To read Char-by-Char from a file

by Anonymous Monk
Hi Monks How do we read a file character by character without loading it into the memeory. Regards, Sid

    As long as each character has one byte:

    $/ = \1;

    Assigning $/ to a reference to an integer makes it separate input on each $x bytes ($x here being the integer).

    Note: Bytes, not characters.

    Try it out:

    perl -pe 'BEGIN{$/=\1}s/.*/<$&>/' file

    my $read; while ($read = read FILE, $char, 1) { print "got: $char\n"; } die "read error: $!" if not defined $read;

    Note that this reads a character at a time, not a byte; that's not the same thing unless you're using a 7/8-bit encoding.
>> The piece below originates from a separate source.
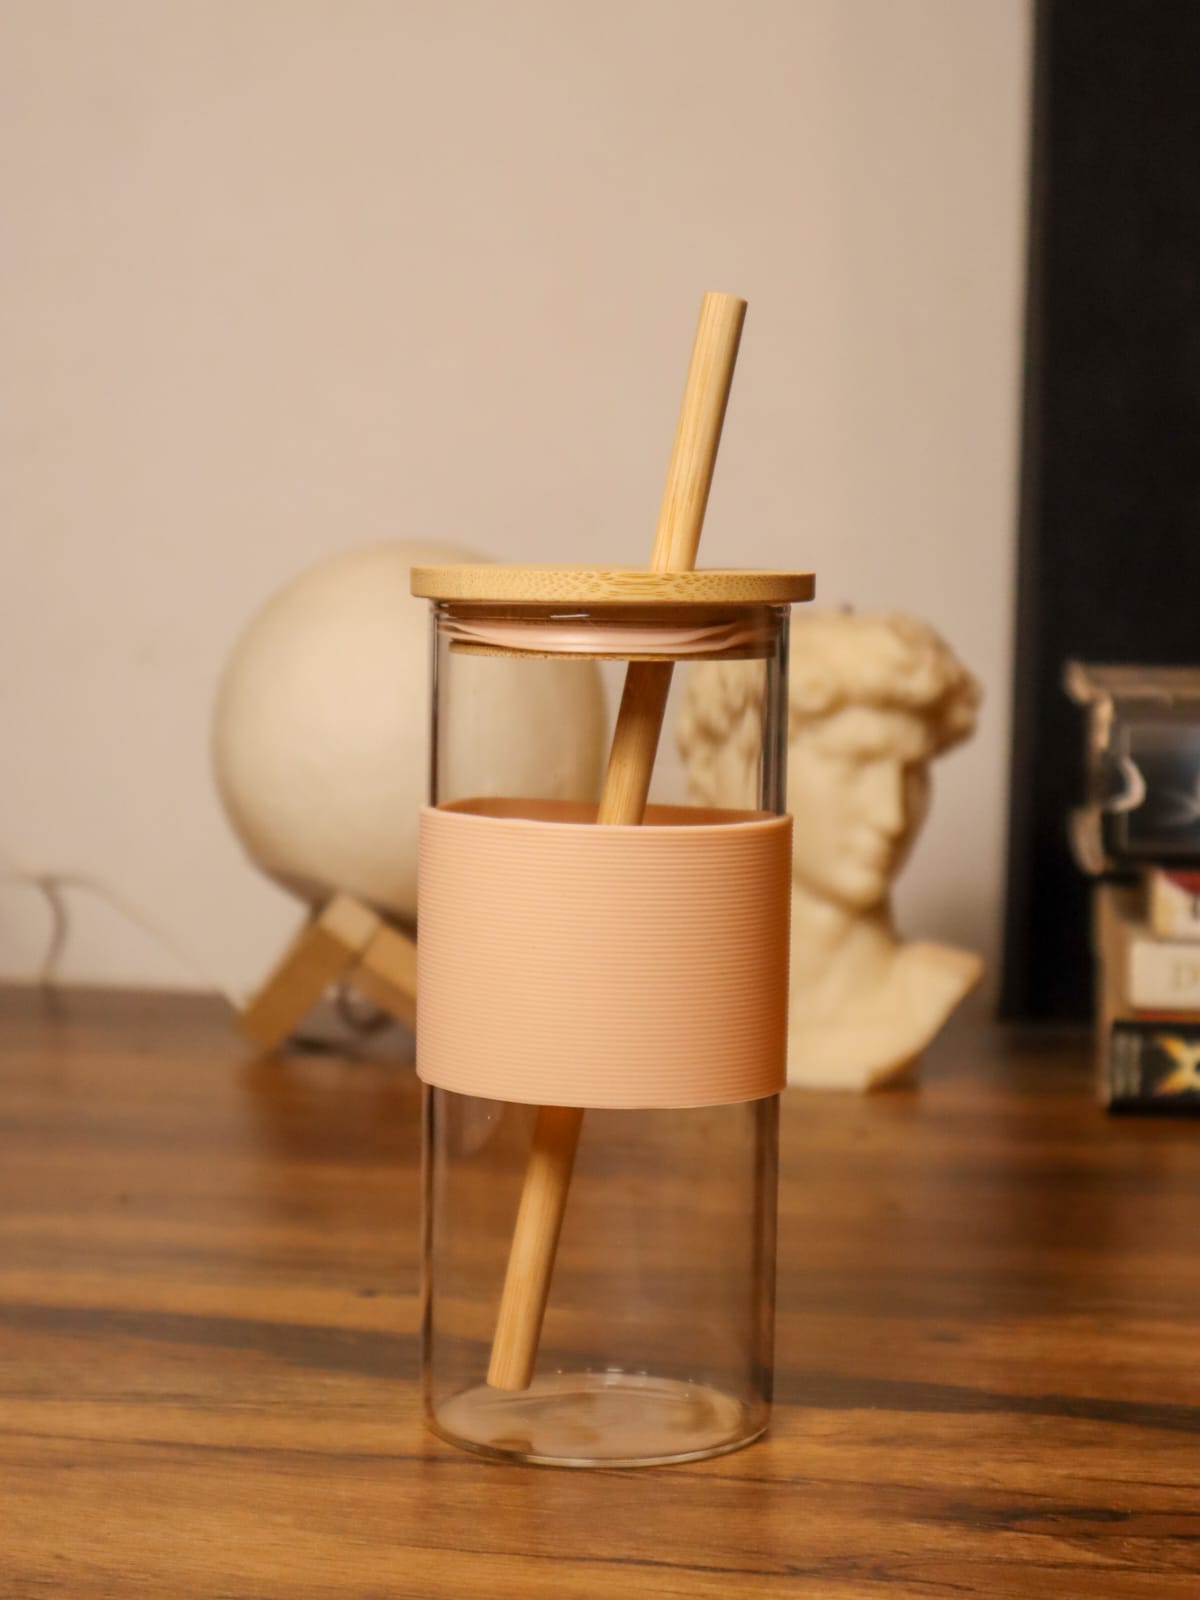 Glass tumbler with bamboo straw and silicone sleeve

See read for more details.

    Update: in terms of memory, this actually does read more than one byte at a time; but this is normally what you want. Perl performs buffering for you so you don't make many needless system calls. The buffer doesn't endanger your memory. See also sysread for the low-level call.

    If you have an open file handle, see perlfunc:getc, otherwise cog's suggestion is quite elegant (assuming your character-set is not "wide", requiring more than one byte per character).


      Absolutely. This has the added benefit to bypass Perl's buffered IO, which is what one really wants if (s)he needs to read a precise amount of data from a "source".

      In addition, if you want to read byte-by-byte instead of char-by-char (which is different due to Unicode support), it's safer to use binmode:

      binmode FILE; sysread(FILE,$buffer,1);

    i wonder what you need that approach for? your question sounds like being a) a fake, or b) senseless.

      or, c) the pursuit of knowledge, which is never bad.
      who knows, there could easily be a good reason, too. maybe this is the only way to do something he's trying to do. or maybe it's not. if it's a good reason that could be done a different, better way, then maybe that's a mistake the op will have to make by doing it the wrong way first... also not always a bad thing.
      A fake question? Isn't that logically inconsistant? Something is either a question, or not, surely?

      my name's not Keith, and I'm not reasonable.
        Something is either a question, or not, surely?

        This is a fake answer.

        Perhaps what he meant by 'fake' was 'misrepresentative' as in the case of homework?

      Or c) correct, because (s)he really wants to read a file (descriptor) char-by-char or byte-by-byte.

      Think about a modem supervising application that waits for some defined input on the line and then hands over to another application chosen upon the seen input so far. Maybe if you read line-by-line you risk to eat too much input.